The leader of the nation’s largest sheriff’s department said Wednesday that federal officials should restore the flow of surplus military equipment to local law enforcement agencies to ensure officers aren’t put in danger when responding to active shooter calls and terrorist attacks.
Los Angeles County Sheriff Jim McDonnell told members of the House Judiciary Committee that it was critical for the federal government to reconsider the curtailment of a program that provided military-style equipment, including military grenade launchers, bayonets, armored vehicles and high-powered firearms and ammunition, to state and local police departments.
“What we’re trying to be able to do is to avail ourselves to the tools necessary to be able to put between our deputies and the danger — an active shooter, an explosion, those kinds of things,” McDonnell told The Associated Press Wednesday.
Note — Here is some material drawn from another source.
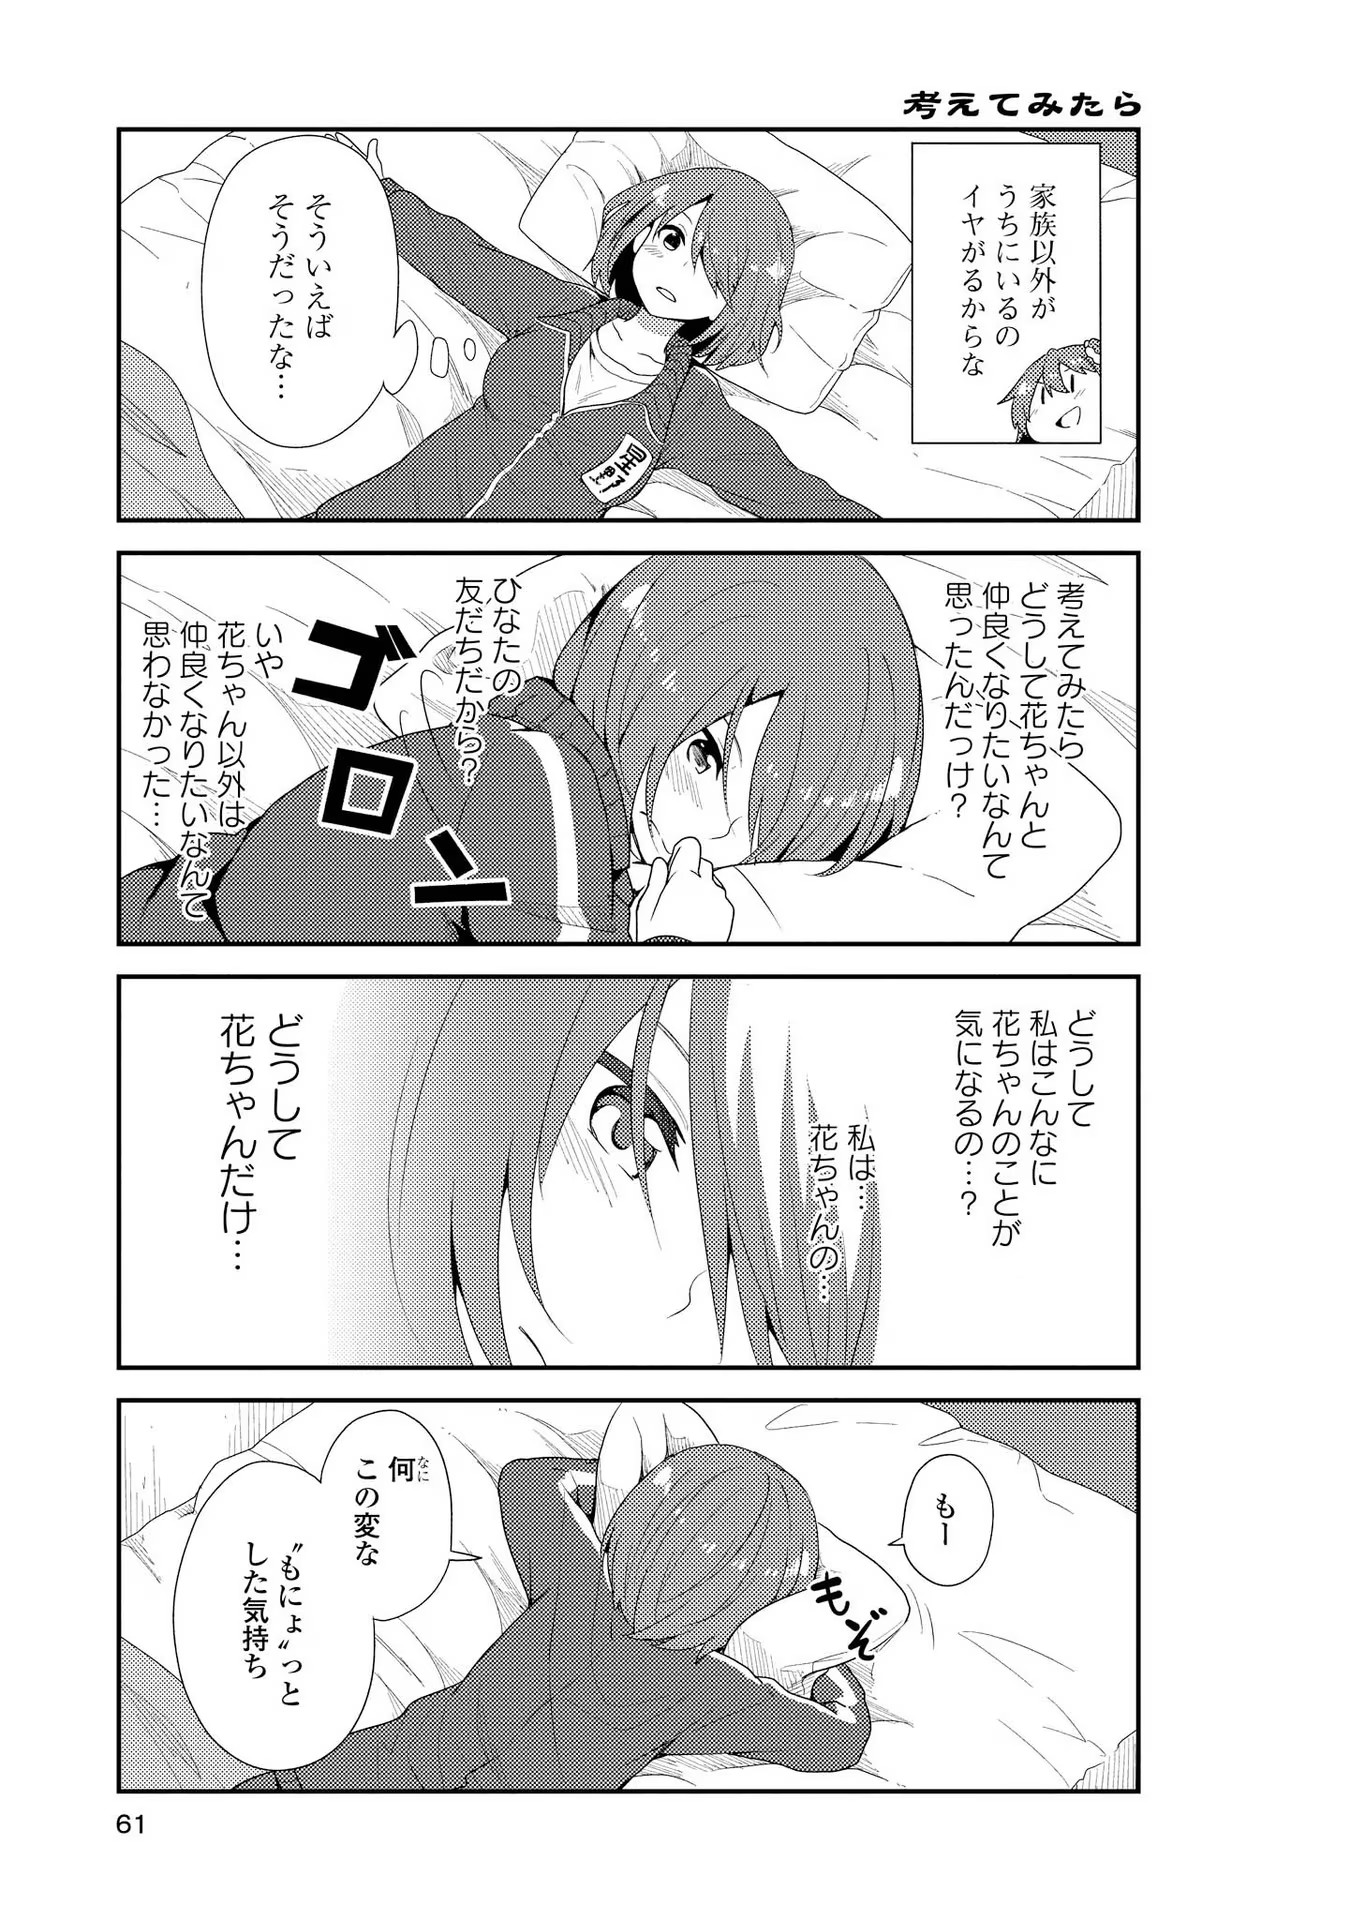 Watashi ni Tenshi ga Maiorita! - Chapter 4 - Page 3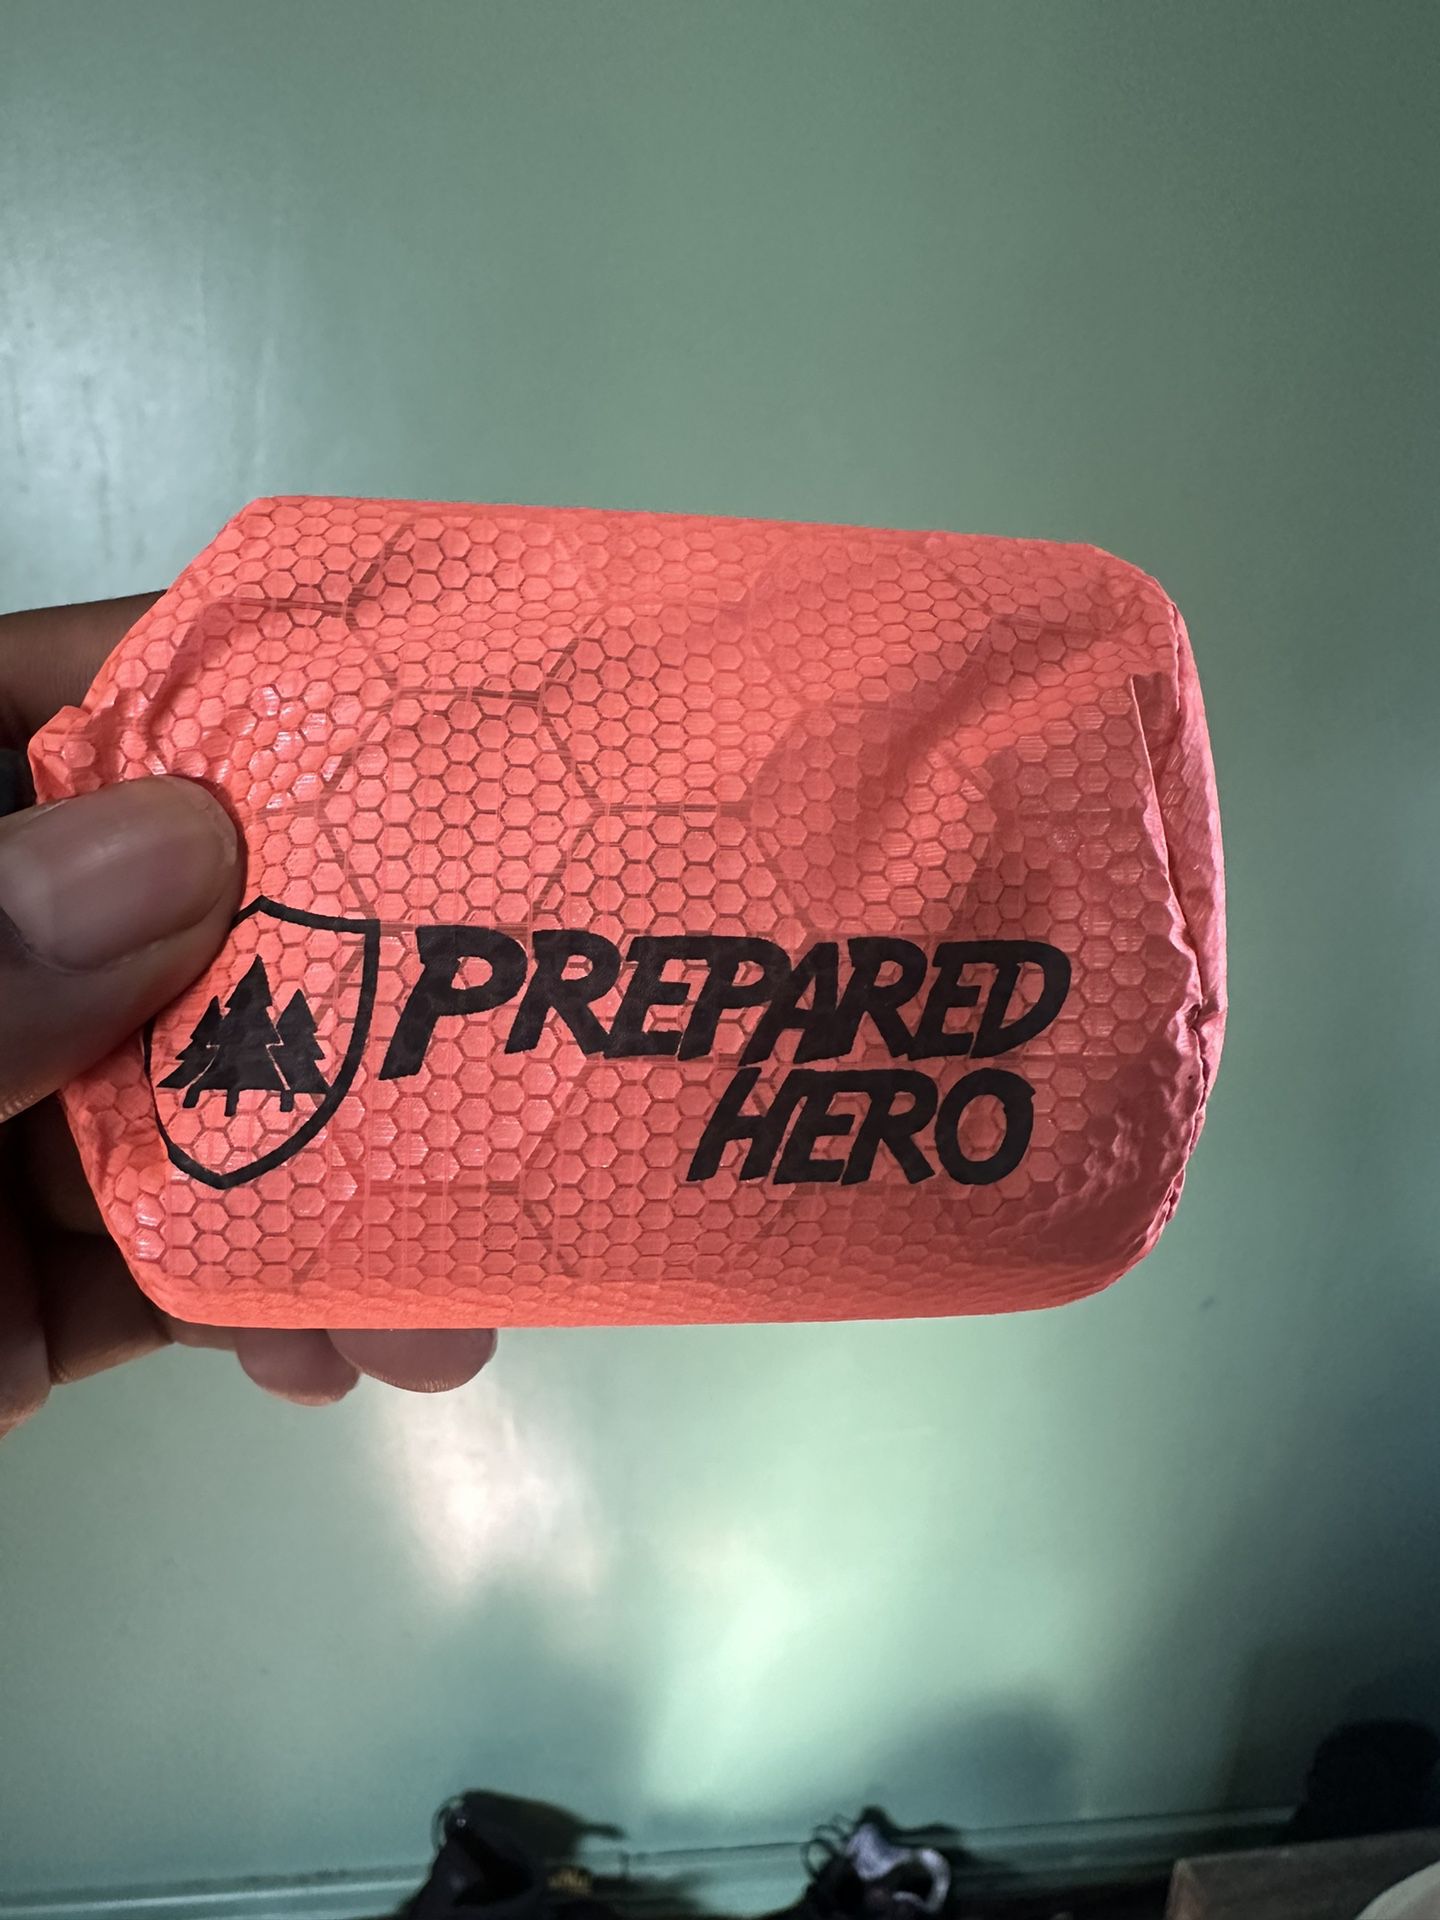 Prepared Hero Portable Sleeping Bag

Then-president Barack Obama issued an executive order in 2015 that curtailed the 1033 program, restricting access to some surplus equipment after an outcry over the use of military gear when police confronted protesters in Ferguson, Missouri after the shooting death of 18-year-old Michael Brown. Police responded in riot gear and deployed tear gas, dogs and armored vehicles. At times they also pointed assault rifles at protesters.
Since the executive order was put into place, the Defense Logistics Agency recalled hundreds of pieces of surplus equipment provided to police agencies through the 1033 program.